As the day wore on, however, I remembered my own reactions when Mel Gibson’s “Passion of the Christ” was released in 2004.  Initially I refused to even consider seeing the movie, but eventually I went. From that point on, however, I boycotted everything having to do with Gibson. Did Mel have a right to his opinion about what happened to Jesus? He certainly did. Do I have the right to believe that the situation unfolded differently? I definitely do. In part, I objected to how Gibson depicted Jews in the film, and told everyone I knew to avoid seeing it. But upon closer reflection, I realize that I mostly became incensed by his anti-Semitic slurs and behaviors both before and after the production was released. Having a different perspective is one thing, but being a “Jew-hater” is another.

My personal take-away from all of this? There are multiple sides to and interpretations of every tale; especially if there are no cold, hard facts to rely upon. As such, everyone is entitled to have his or her own ideas about the meanings or lessons being conveyed. Information (through books, films, the internet, etc.) should be made available to the public (i.e. not censored – unless required due to age limitations); however, people also should have the right to choose whether or not they wish to avail themselves of it.

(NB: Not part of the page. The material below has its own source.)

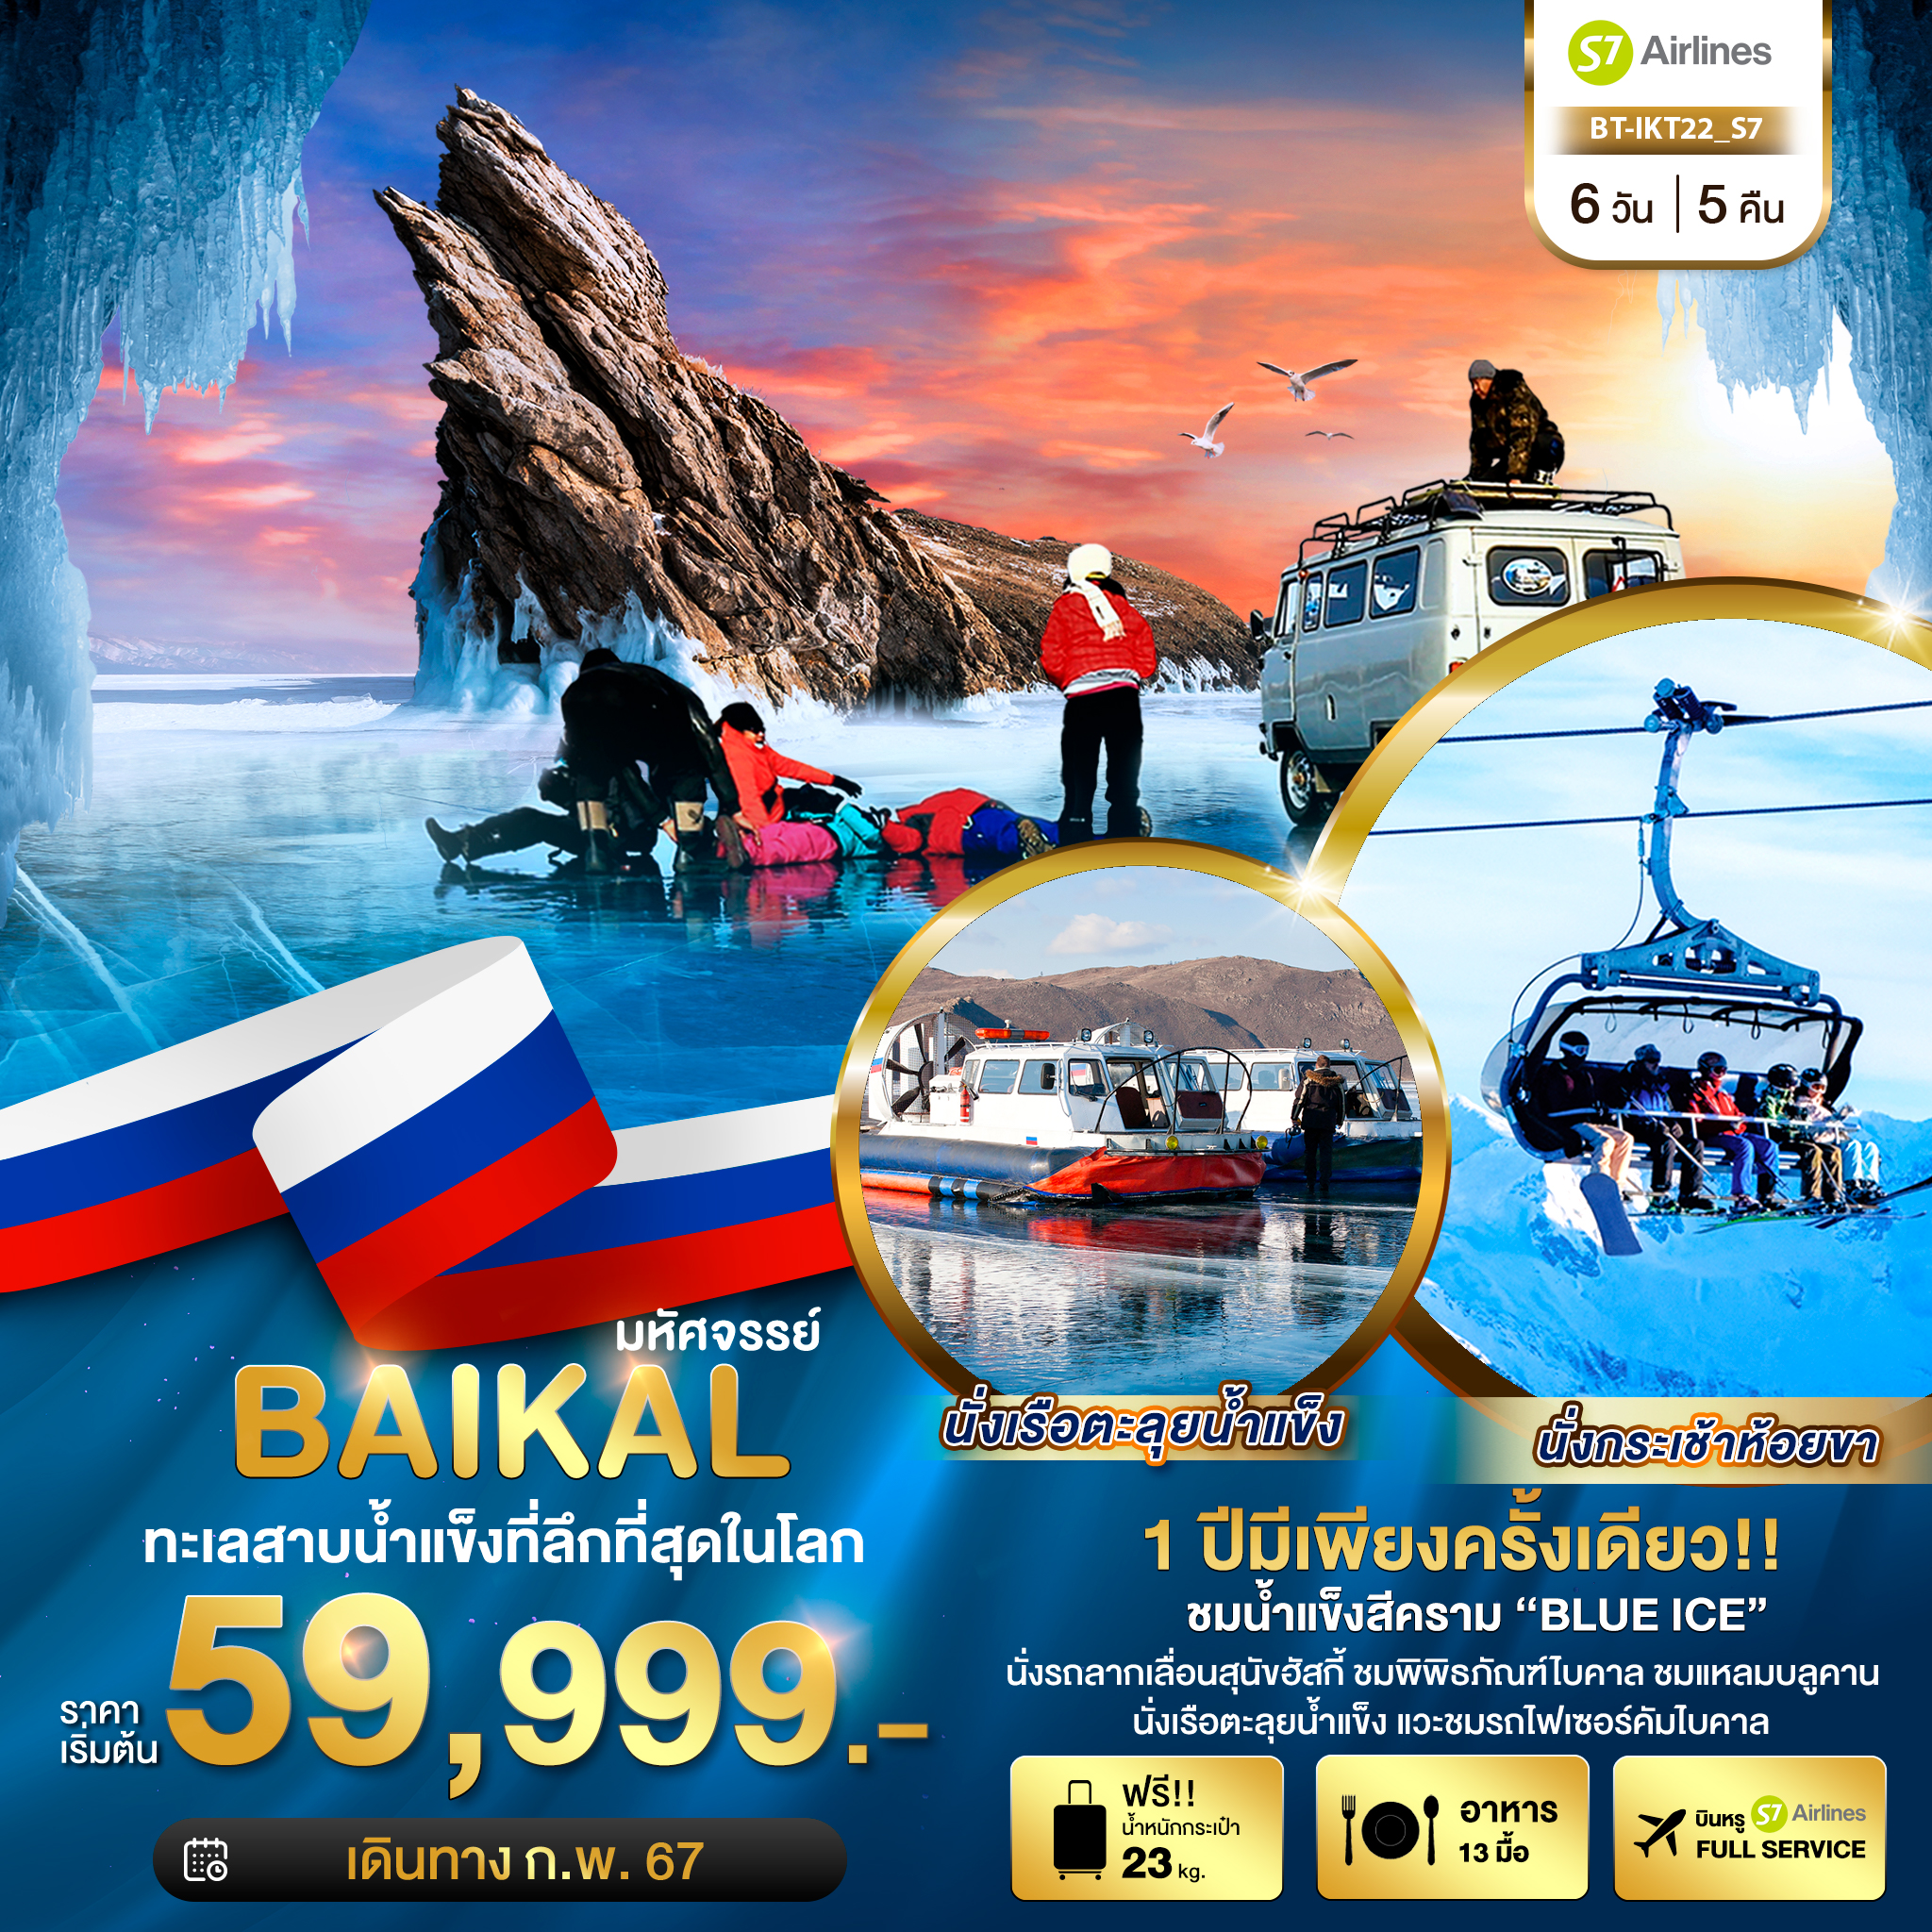 RUSSIA BAIKAL ทะเลสาบน้ำแข็งที่ลึกที่สุดในโลก 6 วัน 5 คืน เดินทาง ก.พ.-มี.ค.67 เริ่มต้น 59,999.- S7 Airlines (S7)

In the case of faith-based stories, I think it’s important to hear and to try to understand a different viewpoint in a non-judgmental way.  It is only through uncensored, open, and honest communications that we can hope to promote understanding and tolerance between different races, ethnicities, and religions. No one has a monopoly on “the truth.”

I’m interested in seeing “Noah.” The computer graphics of the Ark and the flood promise to be amazing!